Culture Forte comme une turque !
Haltères, rugby, marteau… Des sports qu’on conjugue rarement au féminin. C’est pourtant vers ces pratiques que la metteuse en scène Judith Depaule s’est tournée pour aborder le thème du corps des femmes dans le sport. Sur ce sujet, si rarement abordé, elle présente demain à Paris la dernière partie d’une trilogie « Corps de femme », avec une œuvre axée sur l’haltérophile Nurcan Taylan, première sportive turque à avoir remporté l’or olympique en 2010. Elle y interroge avec brio la question du genre et de la sexuation de nos comportements.
Pourquoi ce travail sur les sportives ?
J’ai toujours été fascinée par l’halthérophilie : enfant, je guettais leur compétition lors des retransmissions télévisées ! Mais j’ai surtout choisi ce sujet car après avoir été élevée par une mère soixante-huitarde, et avoir cru que tout avait été gagné pour les filles, je me suis rendu compte à l’âge adulte que ce n’était pas vrai ; je suis par ailleurs passionnée par les sportifs et le dépassement de soi qui leur est demandé. Alors comment ne pas tourner mon interrogation d’artiste vers ces efforts et les questions qu’ils posent à la féminité traditionnelle ?
En 2008, j’ai abordé le lancer de marteau avec une championne polonaise, Kamila Kolimowska, puis, en 2010, j’ai rencontré deux équipes françaises de rugby féminin. Aujourd’hui, c’est avec une Turque que je travaille. Je construis mes spectacles à partir d’interviews et de vidéos.

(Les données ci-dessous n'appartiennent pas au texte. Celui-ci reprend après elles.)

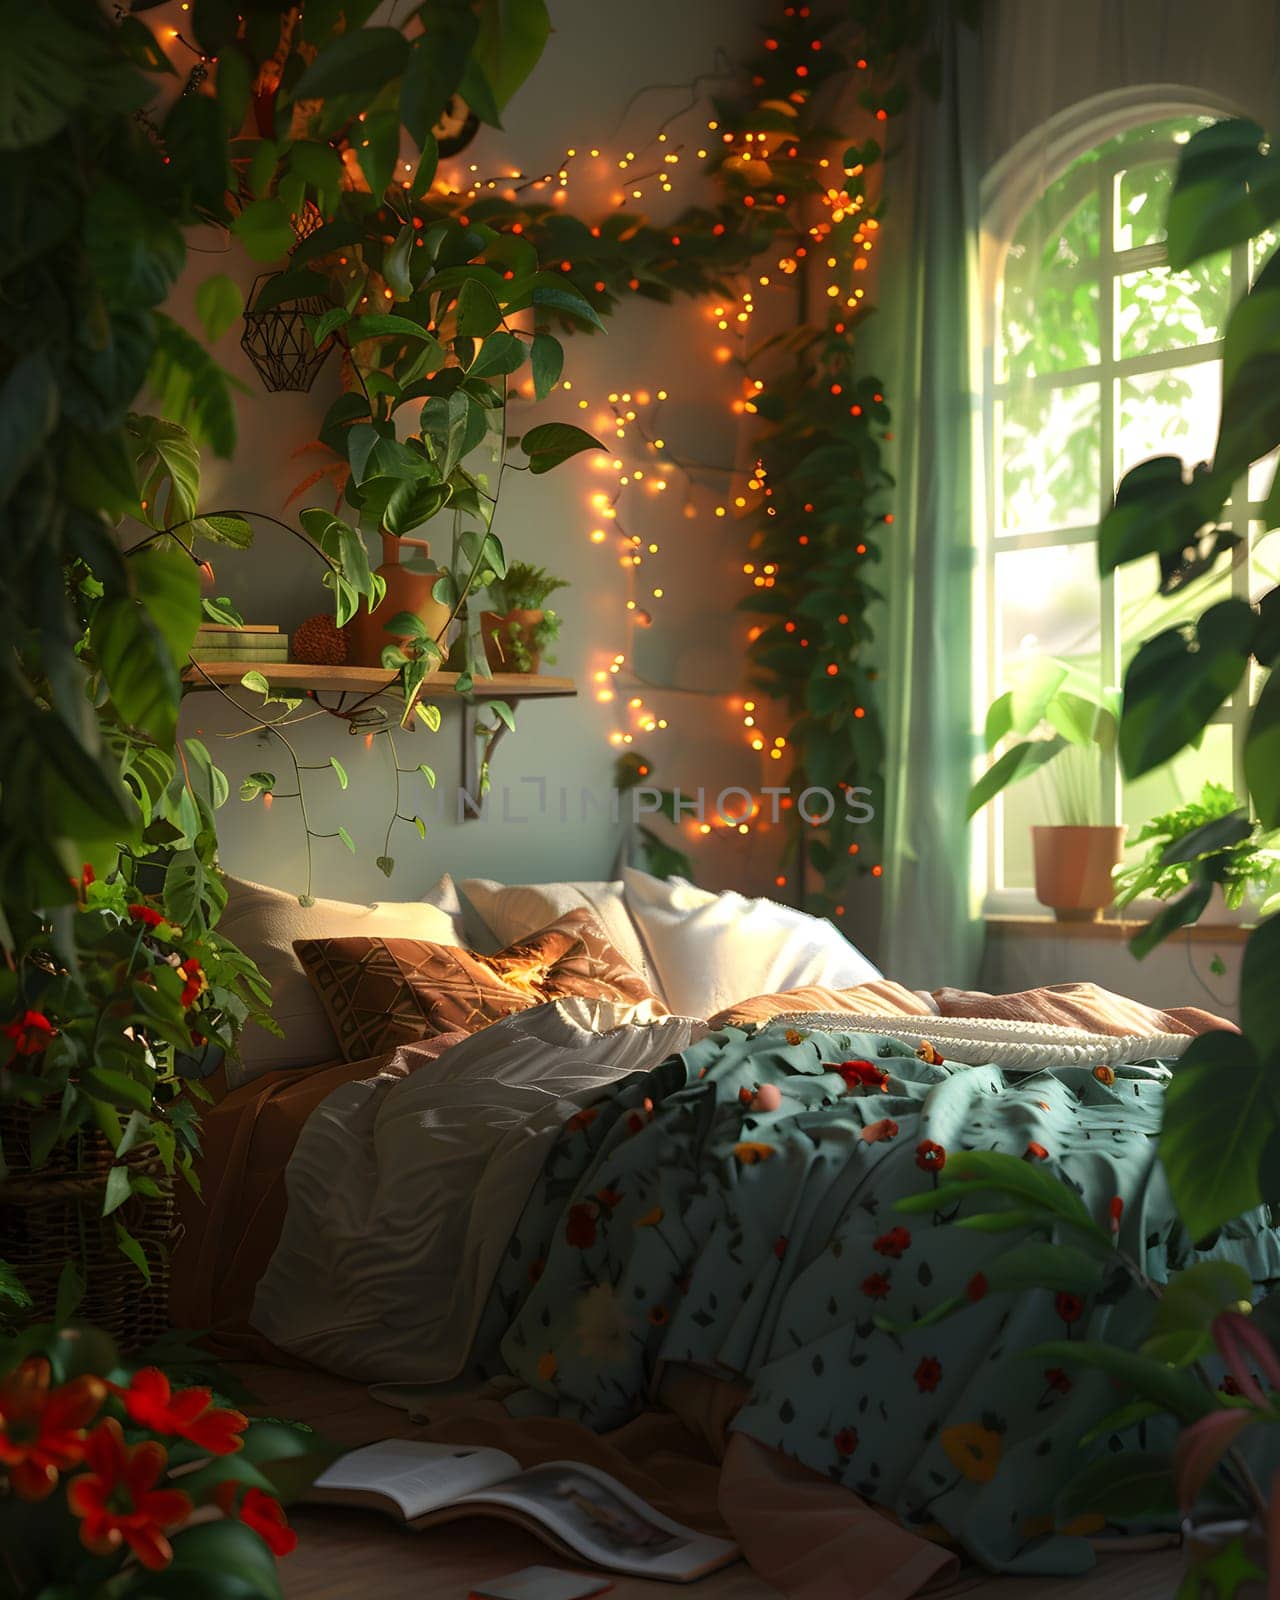 A bedroom with a cozy bed framed by lush houseplants, casting a warm glow with fairy lights. The natural landscape outside the window adds to the serene atmosphere

J’aurais pu choisir la boxe, mais elle a déjà inspiré beaucoup d’œuvres, des films ou des documentaires. Les sports que j’ai choisis remettent véritablement en question les stéréotypes : on dit par exemple que ces sportives sont laides, difformes, immondes, même ! Ce que je montre se trouve ainsi dans une zone qu’on veut ignorer, dont on n’aime pas parler ; or le sport est le monde du corps et il me semble très utile pour briser ces stéréotypes
Pourquoi avoir été enquêté en Pologne ou en Turquie ?
Cela dépend en effet des pays. Le marteau et l’haltérophilie sont plus pratiqués par des femmes des pays de l’Est, de Cuba ou de Chine tandis qu’en France, la fédération d’athlétisme ne met pas assez en avant les filles, sauf pour la course. Ce qui m’a intéressée, c’est que ces sportives, qui vivent dans une solitude hallucinante – à la différence du rugby où l’équipe peut former une « famille » – traversent des épreuves très fortes qui leur donnent sur la vie un regard unique.

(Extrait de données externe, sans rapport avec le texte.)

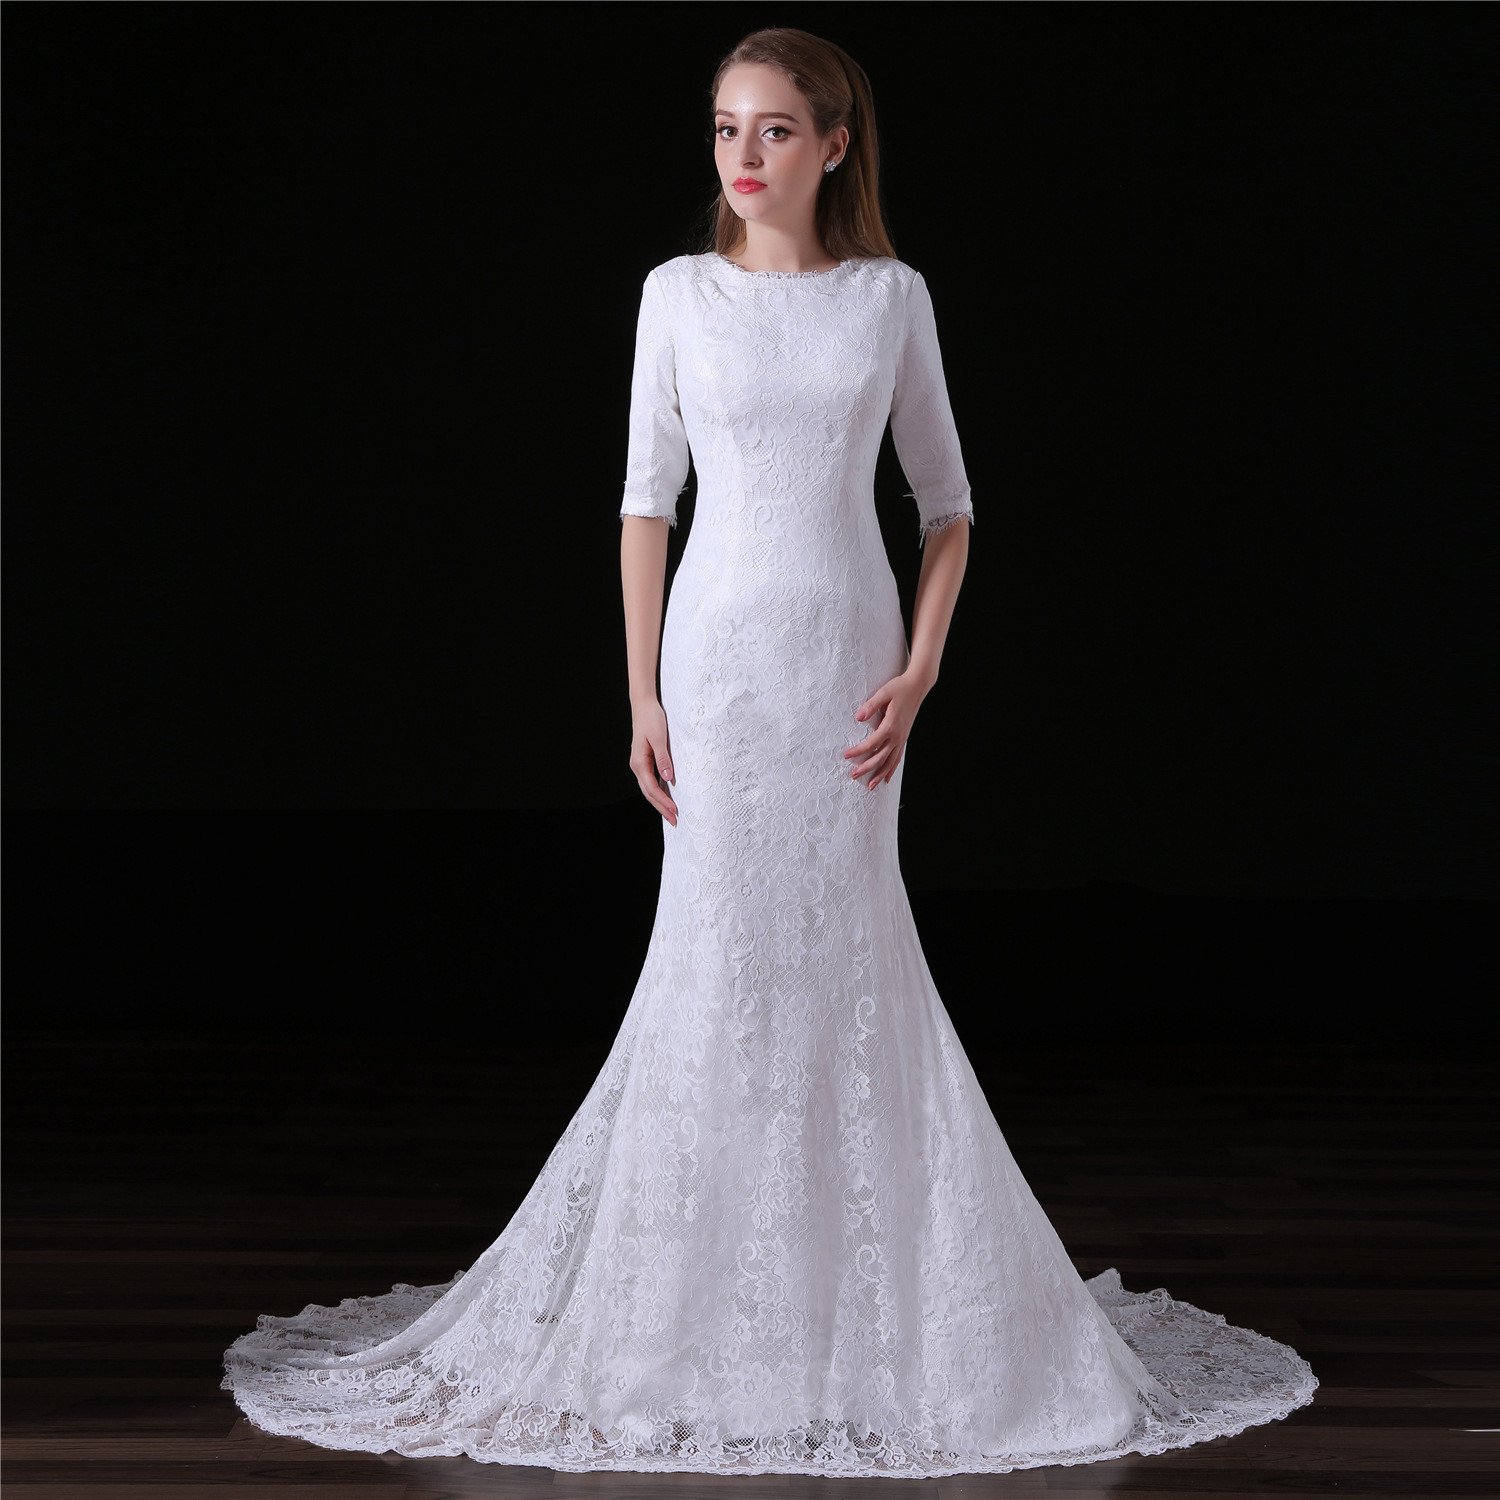 Simple Mermaid Wedding Dress Lace Bridal Gown With Train

Vous accompagnez souvent vos spectacles de débats, dans quel but ?
En tant qu’artiste, on pose des questions, on ne donne pas de réponses ! Or ce que je mets en lumière interroge le rapport à l’autre sexe. Il s’agit d’essayer de comprendre les mécanismes du genre, et les notions floues ou absurdes de la masculinité/féminité. Cela provoque souvent des réactions épidermiques chez les spectateurs qu’il est bon d’analyser ensuite. Je fais donc venir des chercheurs, des universitaires : après ma pièce sur le rugby, j’ai par exemple donné la parole à une sociologue spécialiste de ce sport, Hélène Joncheray. Elle a essayé de démontrer l’à priori de violence qui entoure le sport. Mais j’aime aussi montrer mes spectacles à des classes de collégien-ne-s ou de lycéen-ne-s, afin de changer leur regard sur leurs relations à la fois à leur propre corps et à l’autre sexe. J’ai même animé des ateliers avec eux où je les fais écrire avec leurs mots ce qu’ils ressentent. C’est très important, car il y a un gros travail à faire sur les stéréotypes des jeunes !

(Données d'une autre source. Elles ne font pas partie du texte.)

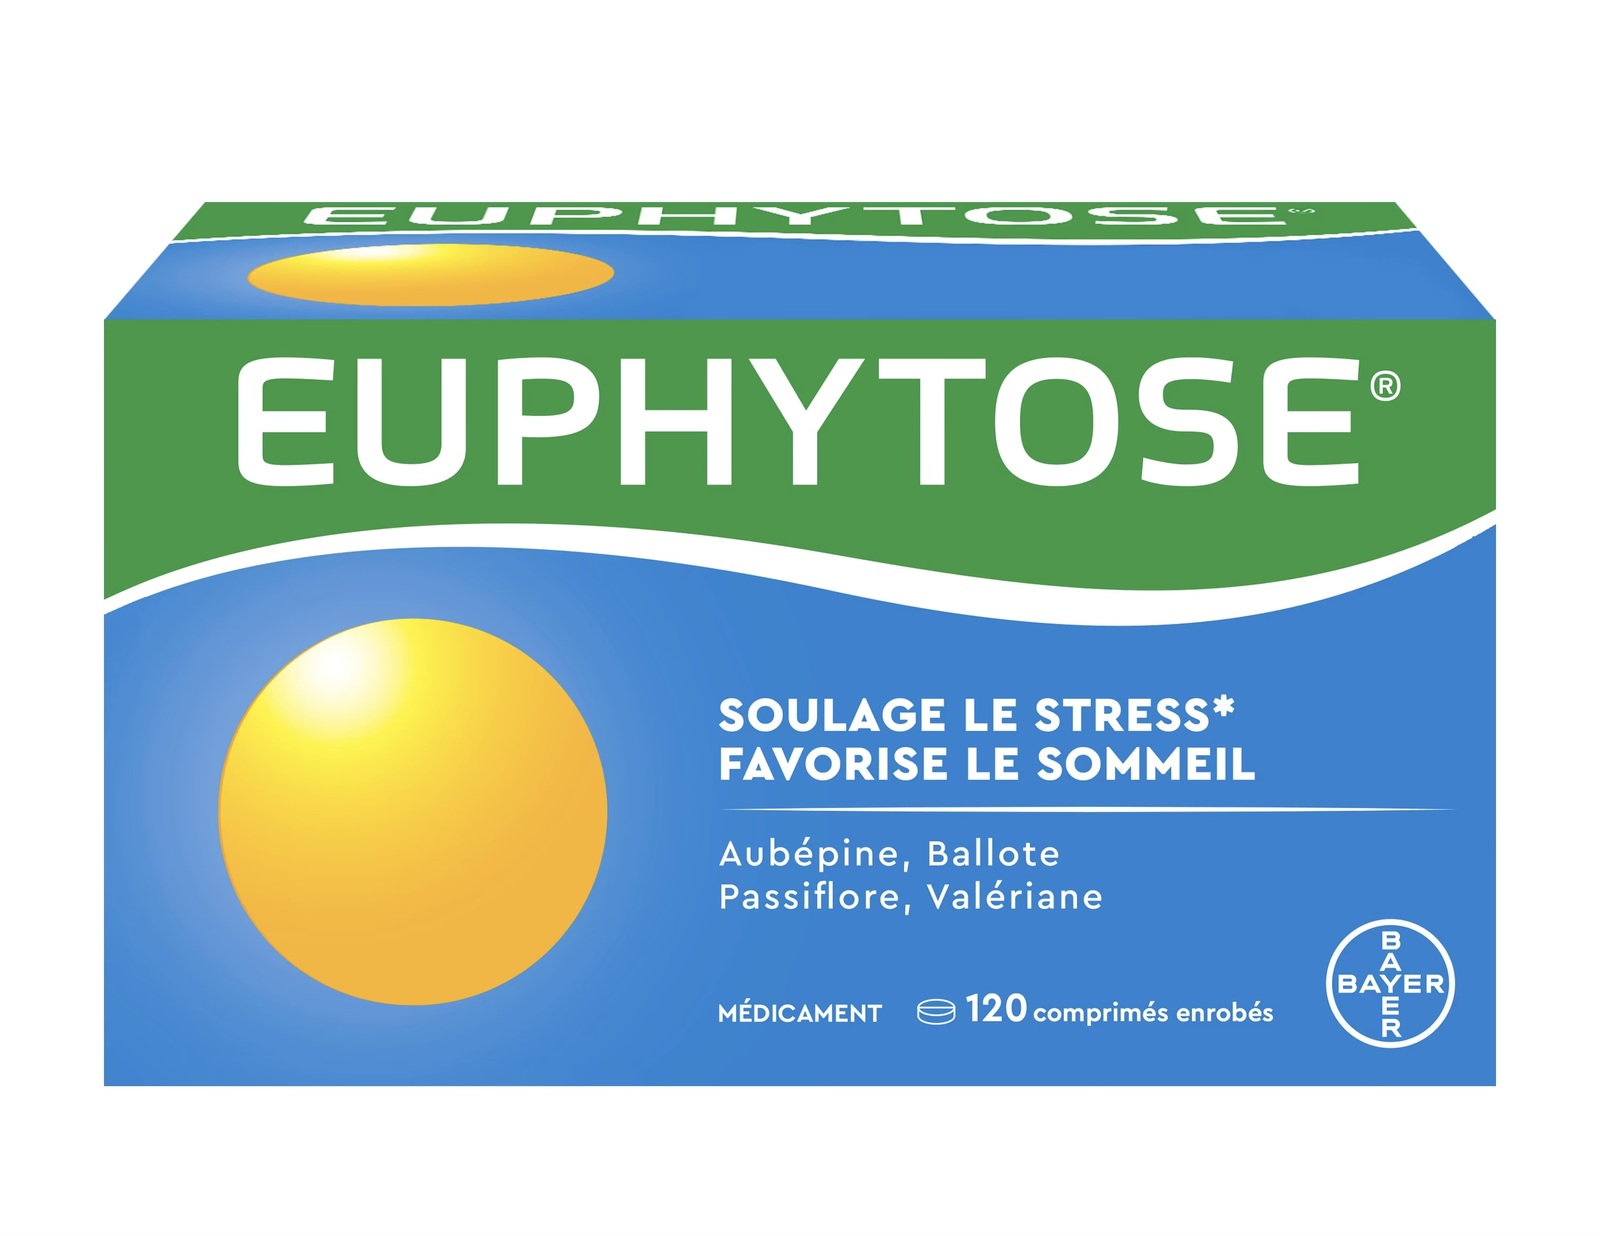 Primary image for Euphytose for Better Sleep-Pack of 180 Tablets By Bayer

Si je peux aider à faire évoluer les mentalités, ne serait-ce qu’un petit peu, à briser les frontières entre le sport et le monde de la recherche, qui sont encore très cloisonnés, tant mieux. Pour qu’un jour on ne pense plus, par exemple, que les sportifs sont bêtes et peu cultivés, et pour que les femmes osent, en choisissant le sport qu’elles souhaitent, dire que leur corps leur appartient !
Moïra Sauvage – EGALITE
CORPS DE FEMME 3 – « les haltères »
Confluences du 29 sept. au 2 oct. 2012 à 20h30 (dim. à 18h30)
190 boulevard de Charonne, 75020 PARIS
Plus d’infos ici.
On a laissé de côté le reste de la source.